Silk Road 2.0 Shutdown Raises More Questions About Online Anonymity

By Kyle Torpey Nov 6, 2014 11:53 AM EST

Silk Road DEA Agent

NEW YORK (InsideBitcoins) — Last Week, U.S. Senator Chuck Schumer made a renewed call for shutting down various darknet marketplaces where illegal drugs can be bought and sold over the Internet. It seems that he did not have to wait too long for his wish to come true. Exactly one year following its launch, the domain for Silk Road 2.0 has been seized through a joint effort between the FBI and Europol.

Following a report of the arrest of an alleged digital drug kingpin in Ireland earlier this morning, the FBI has now announced the arrest of Blake Benthall in San Francisco, via Twitter.

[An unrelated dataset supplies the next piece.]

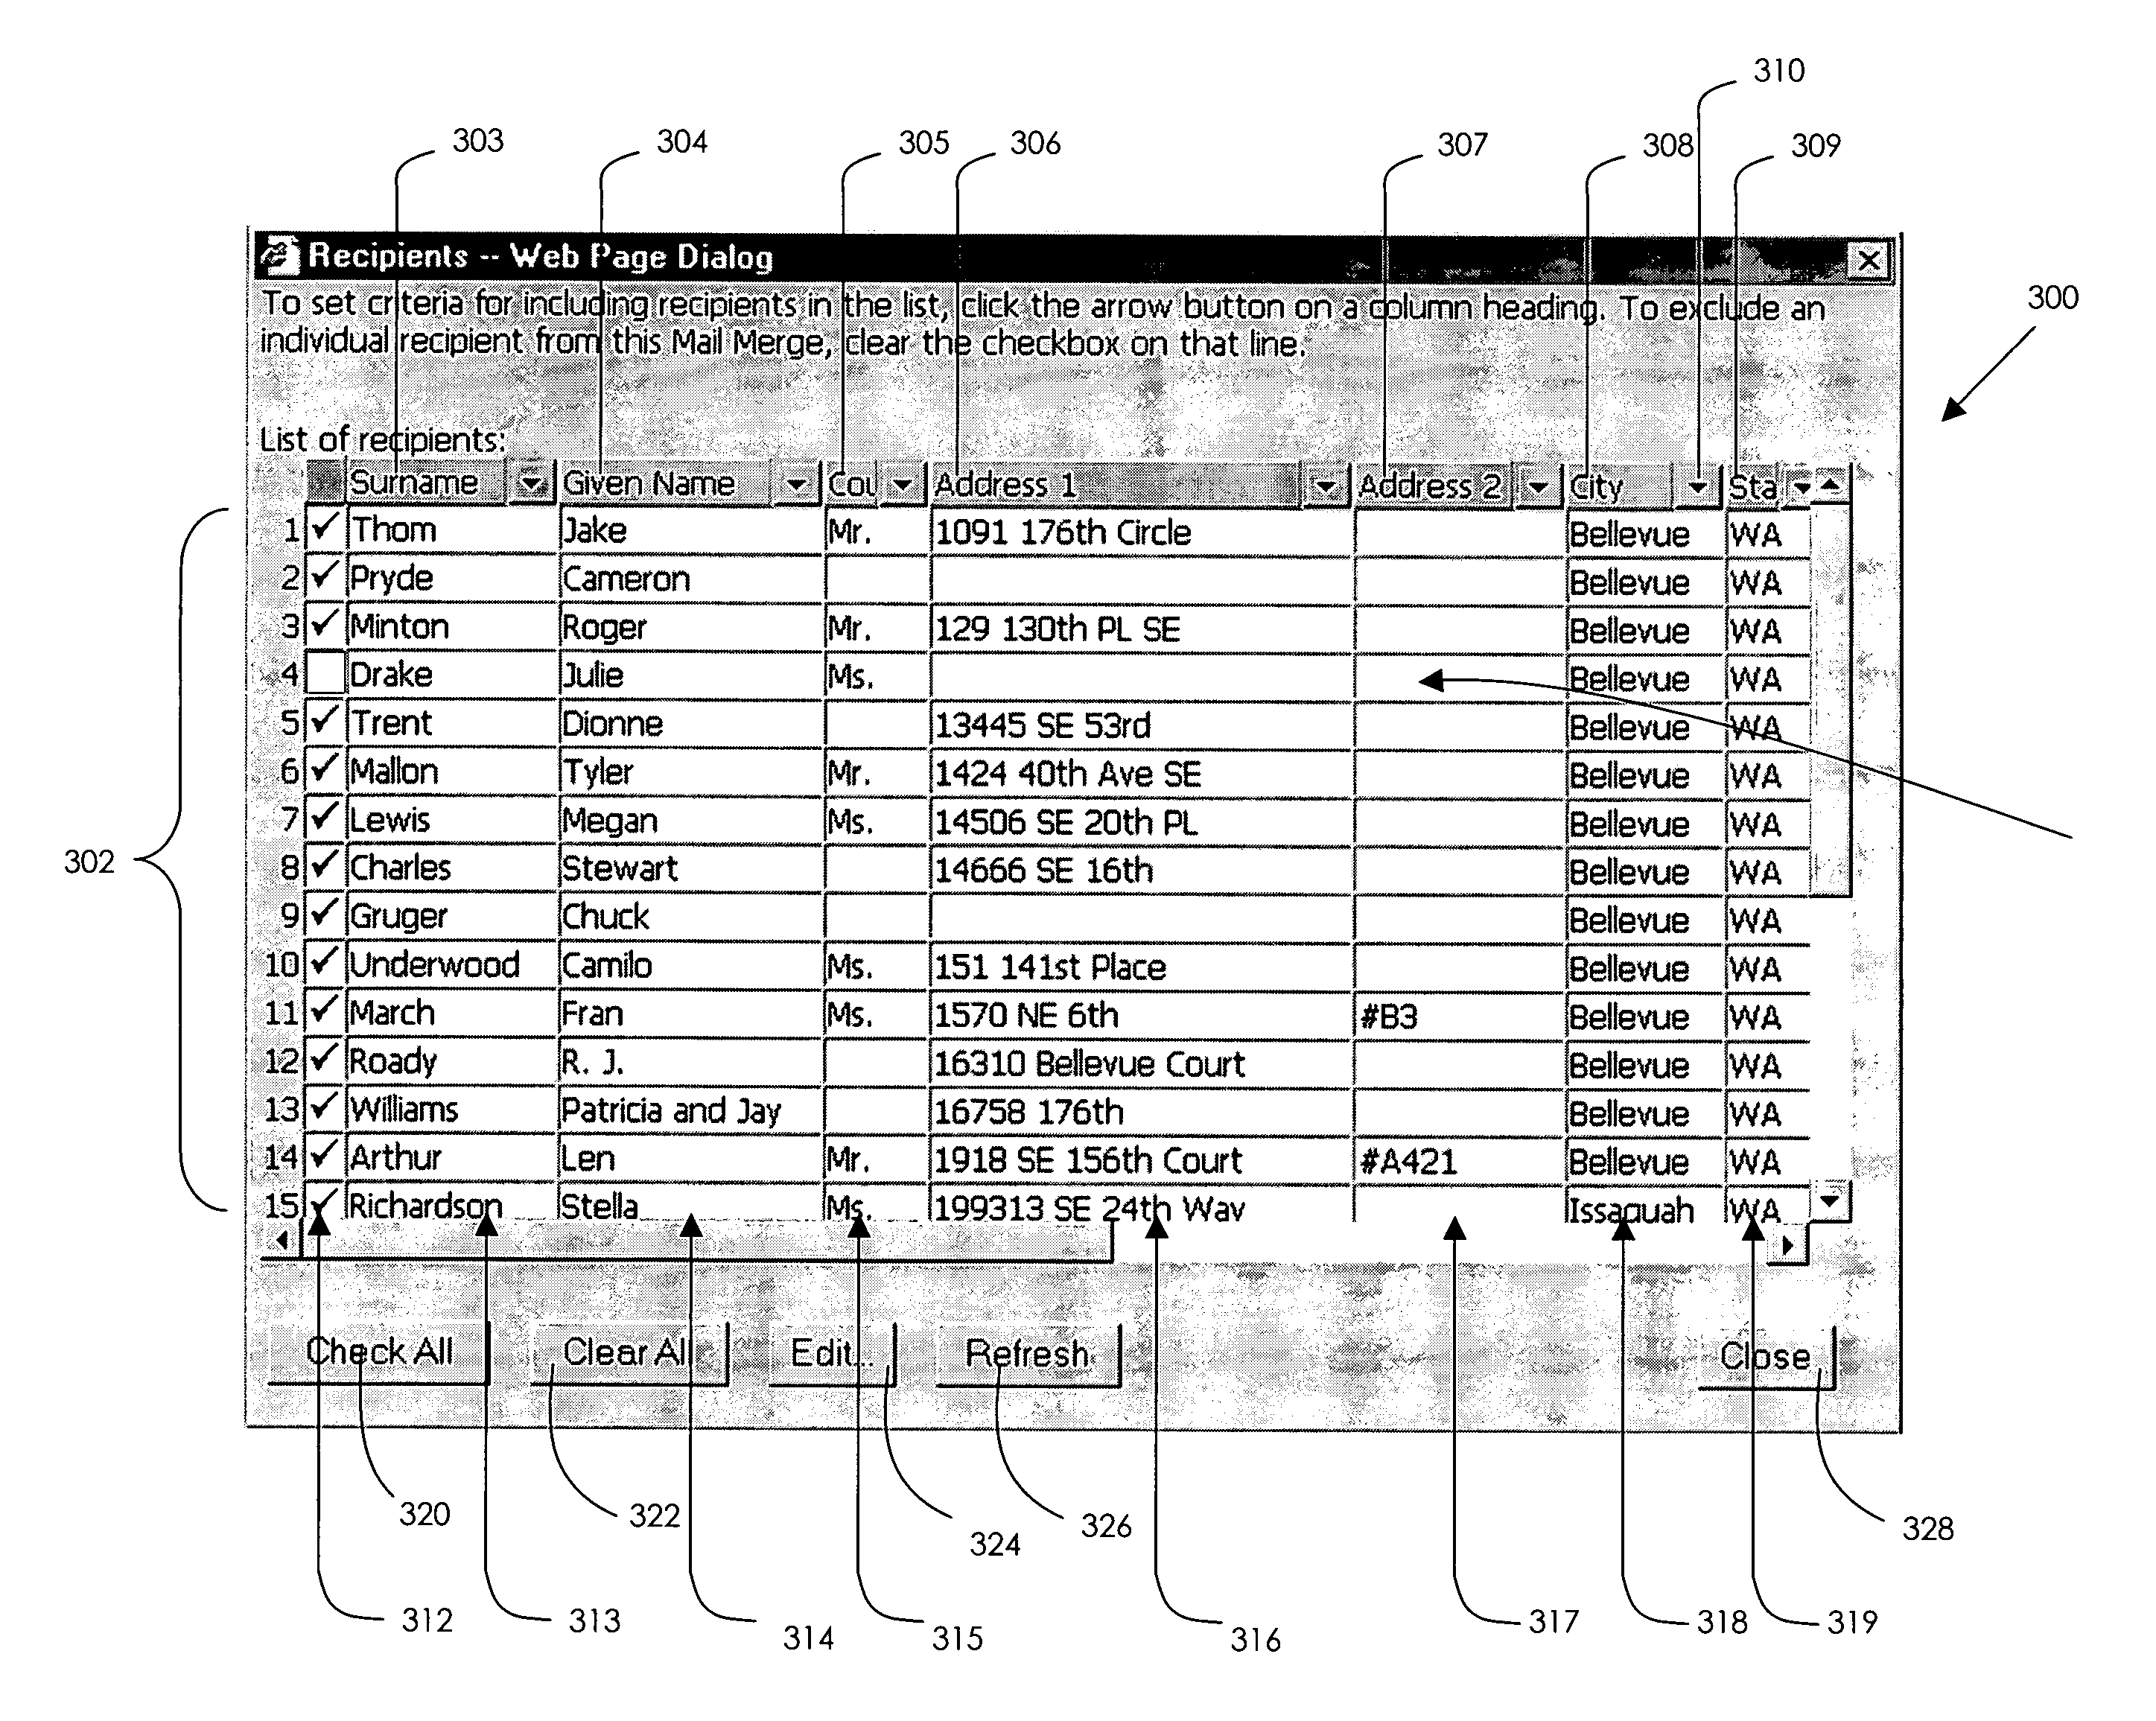 System and method for filtering database records

Benthall is the alleged operated of Silk Road’s reincarnation that was launched on November 6, 2013.

“We don’t get tired”

The Silk Road 2.0 seizure followed an unusual period of downtime for the darknet marketplace, and we’re now also seeing a similar story with other marketplaces that can only be accessed via Tor. In a press release on the matter directly from the FBI, Manhattan U.S. Attorney Preet Bharara claimed, “Let’s be clear – this Silk Road, in whatever form, is the road to prison. Those looking to follow in the footsteps of alleged cybercriminals should understand that we will return as many times as necessary to shut down noxious online criminal bazaars. We don’t get tired.”

What does this mean for online anonymity?

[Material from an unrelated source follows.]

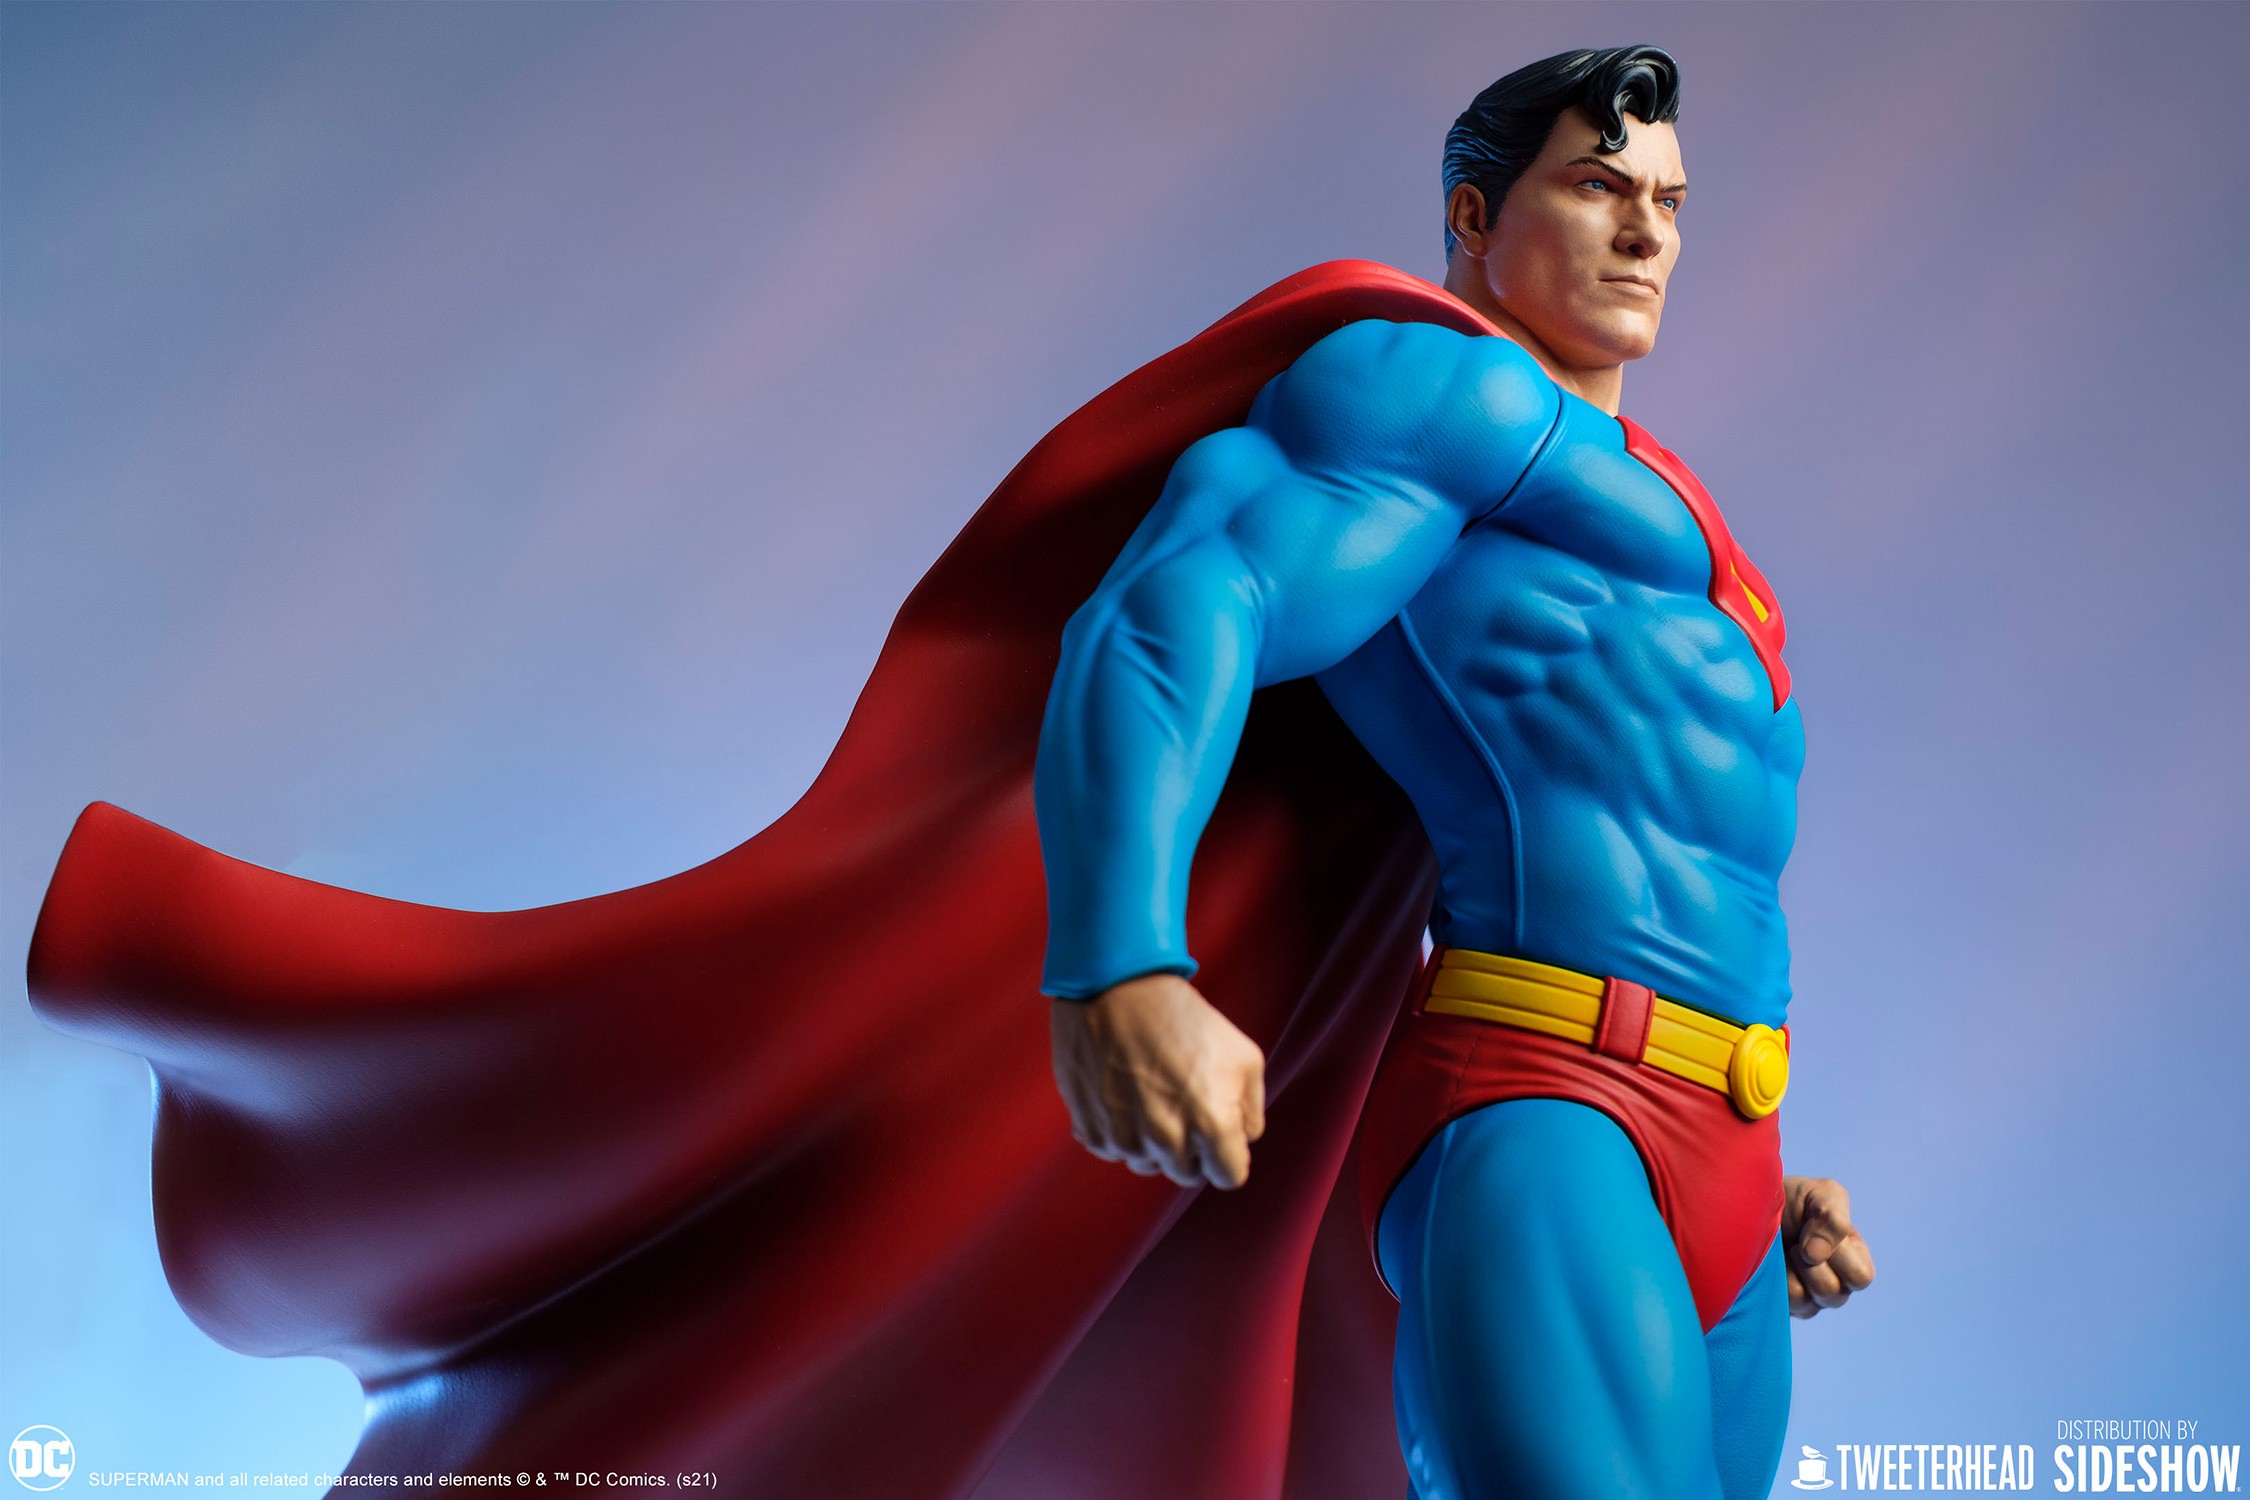 Superman Exclusive Edition (Prototype Shown) View 10

Another interesting quote in the press release came from FBI Assistant Director-in-Charge George Venizelos. He stated, “Benthall should have known that those who hide behind the keyboard will ultimately be found.” At this point, there is still no direct evidence that the anonymity network known as Tor is broken. Much like in the case against Ross Ulbricht, various law enforcement agencies are claiming that traditional police tactics were used to take down these online drug bazaars.

In the matter of the Silk Road 2.0 shutdown, it appears that a Homeland Security Investigations (HSI) agent was able to infiltrate Benthall’s inner circle. Although the complaint filed in a Manhattan court notes that the HSI agent was able to interact with Benthall “directly”, there is no mention of how his true identity was eventually found out. The complaint also mentions a co-conspirator who was involved with the initial launch of Silk Road 2.0, but it is unclear if charges have also been filed against that individual.

Parallel construction

During the cases of various darknet marketplaces, the idea of parallel construction playing a role in de-anonymizing the site operators has been mentioned more than once. In the case of the original Silk Road’s operator, many network security experts seem to believe that the FBI is not being forthcoming about how they determined that Ross Ulbricht was the one behind the world’s first major digital drug bazaar. Parallel construction is a method used by various law enforcement agencies to conceal the true source of information that eventually lead to an arrest. It was first reported in 2013 by Reuters in cases where the NSA was feeding information about specific individuals to the DEA.